URL to Markdown
Fetches any URL via Chrome CDP and converts HTML to clean markdown.
Script Directory
Important: All scripts are located in scripts/ subdirectory of this skill.
Agent Execution Instructions:
- •Determine this SKILL.md file's directory path as
SKILL_DIR - •Script path =
${SKILL_DIR}/scripts/<script-name>.ts - •Replace all
${SKILL_DIR}in this document with actual path
Script Reference:
| Script | Purpose |
|---|---|
scripts/main.ts | CLI entry point for URL fetching |
Features
- •Chrome CDP for full JavaScript rendering
- •Two capture modes: auto or wait-for-user
- •Clean markdown output with metadata
- •Handles login-required pages via wait mode
Usage
# Auto mode (default) - capture when page loads
npx -y bun ${SKILL_DIR}/scripts/main.ts <url>
# Wait mode - wait for user signal before capture
npx -y bun ${SKILL_DIR}/scripts/main.ts <url> --wait
# Save to specific file
npx -y bun ${SKILL_DIR}/scripts/main.ts <url> -o output.md
Options
| Option | Description |
|---|---|
<url> | URL to fetch |
-o <path> | Output file path (default: auto-generated) |
--wait | Wait for user signal before capturing |
--timeout <ms> | Page load timeout (default: 30000) |
Capture Modes
Auto Mode (default)
Page loads → waits for network idle → captures immediately.
Best for:
- •Public pages
- •Static content
- •No login required
Wait Mode (--wait)
Page opens → user can interact (login, scroll, etc.) → user signals ready → captures.
Best for:
- •Login-required pages
- •Dynamic content needing interaction
- •Pages with lazy loading
Agent workflow for wait mode:
- •Run script with
--waitflag - •Script outputs:
Page opened. Press Enter when ready to capture... - •Use
AskUserQuestionto ask user if page is ready - •When user confirms, send newline to stdin to trigger capture
Output Format
--- url: https://example.com/page title: "Page Title" description: "Meta description if available" author: "Author if available" published: "2024-01-01" captured_at: "2024-01-15T10:30:00Z" --- # Page Title Converted markdown content...
Mode Selection Guide
When user requests URL capture, help select appropriate mode:
Suggest Auto Mode when:
- •URL is public (no login wall visible)
- •Content appears static
- •User doesn't mention login requirements
Suggest Wait Mode when:
- •User mentions needing to log in
- •Site known to require authentication
- •User wants to scroll/interact before capture
- •Content is behind paywall
Ask user when unclear:
The page may require login or interaction before capturing.

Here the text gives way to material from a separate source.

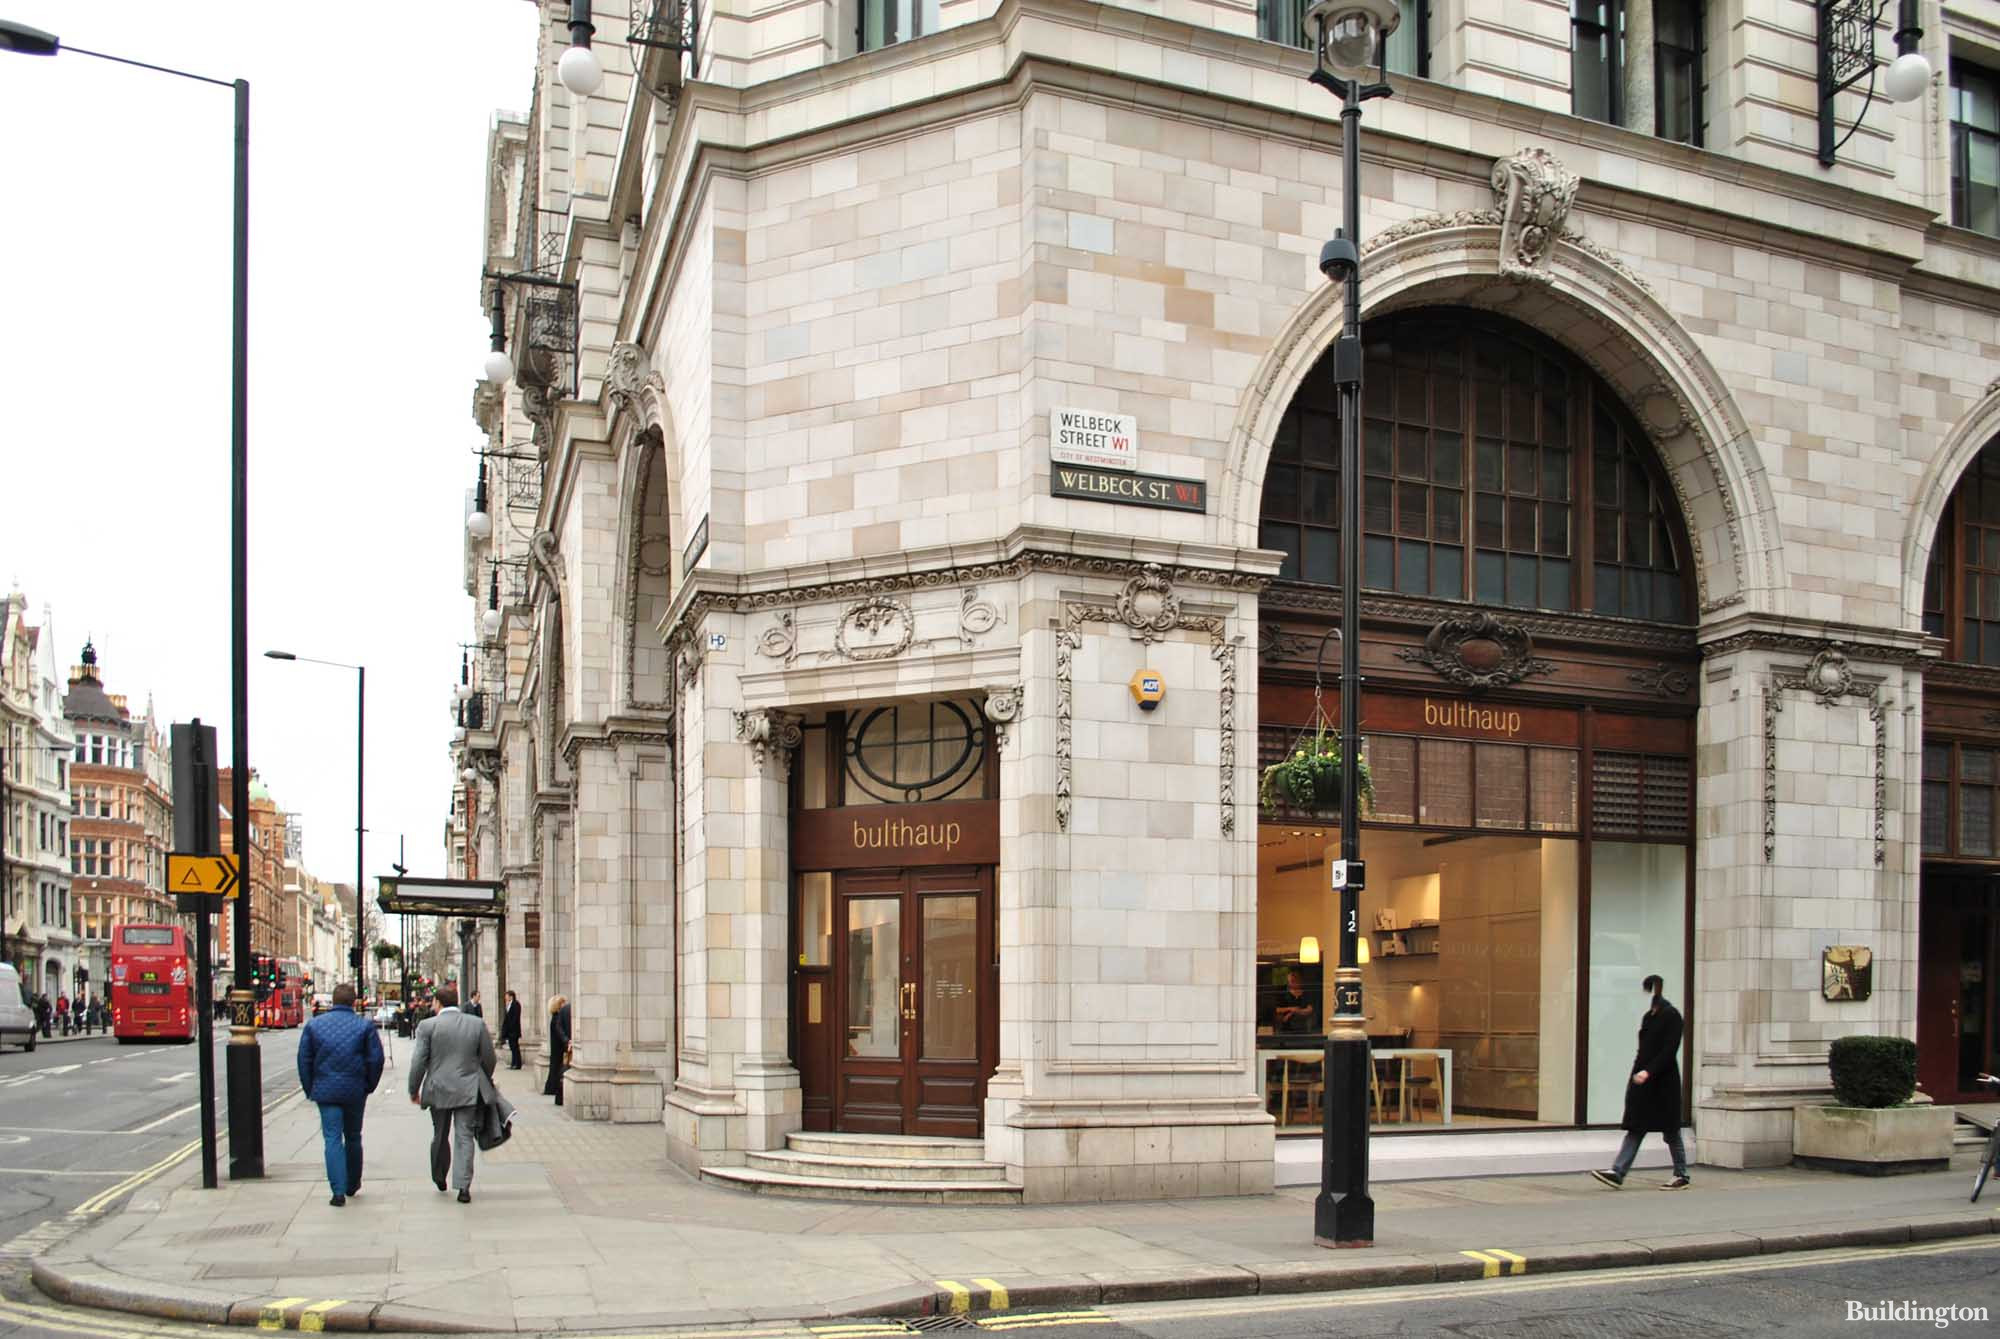 Bulthaup store at 33 Wigmore Street building on Welbeck Street in Marylebone, London W1.
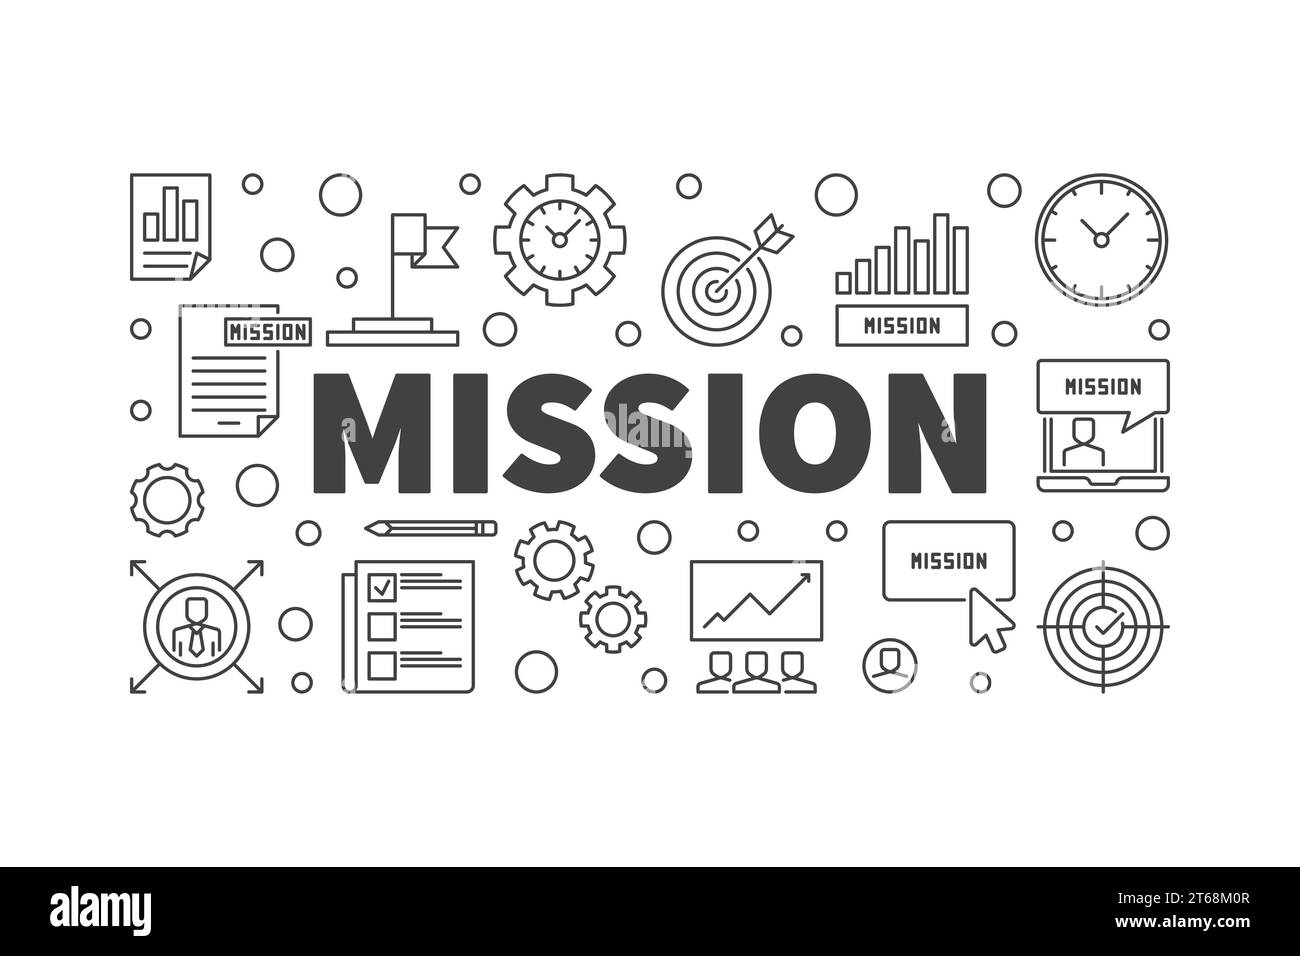 Mission vector horizontal banner or illustration in outline style Stock Vector

Which mode should I use? 1. Auto - Capture immediately when loaded 2. Wait - Wait for you to interact first
Output Directory
Each capture creates a file organized by domain:
url-to-markdown/
└── <domain>/
└── <slug>.md
Path Components:
- •
<domain>: Site domain (e.g.,example.com,github.com) - •
<slug>: Generated from page title or URL path (kebab-case)
Slug Generation:
- •Extract from page title (preferred) or URL path
- •Convert to kebab-case, 2-6 words
- •Example: "Getting Started with React" →
getting-started-with-react
Conflict Resolution:
If url-to-markdown/<domain>/<slug>.md already exists:
- •Append timestamp:
<slug>-YYYYMMDD-HHMMSS.md - •Example:
getting-started.mdexists →getting-started-20260118-143052.md
Error Handling
| Error | Resolution |
|---|---|
| Chrome not found | Install Chrome or set URL_CHROME_PATH env |
| Page timeout | Increase --timeout value |
| Capture failed | Try wait mode for complex pages |
| Empty content | Page may need JS rendering time |
Environment Variables
| Variable | Description |
|---|---|
URL_CHROME_PATH | Custom Chrome executable path |
URL_DATA_DIR | Custom data directory |
URL_CHROME_PROFILE_DIR | Custom Chrome profile directory |
Extension Support
Custom configurations via EXTEND.md.
Check paths (priority order):
- •
.content-gen-skills/url-to-markdown/EXTEND.md(project) - •
~/.content-gen-skills/url-to-markdown/EXTEND.md(user)
If found, load before workflow. Extension content overrides defaults.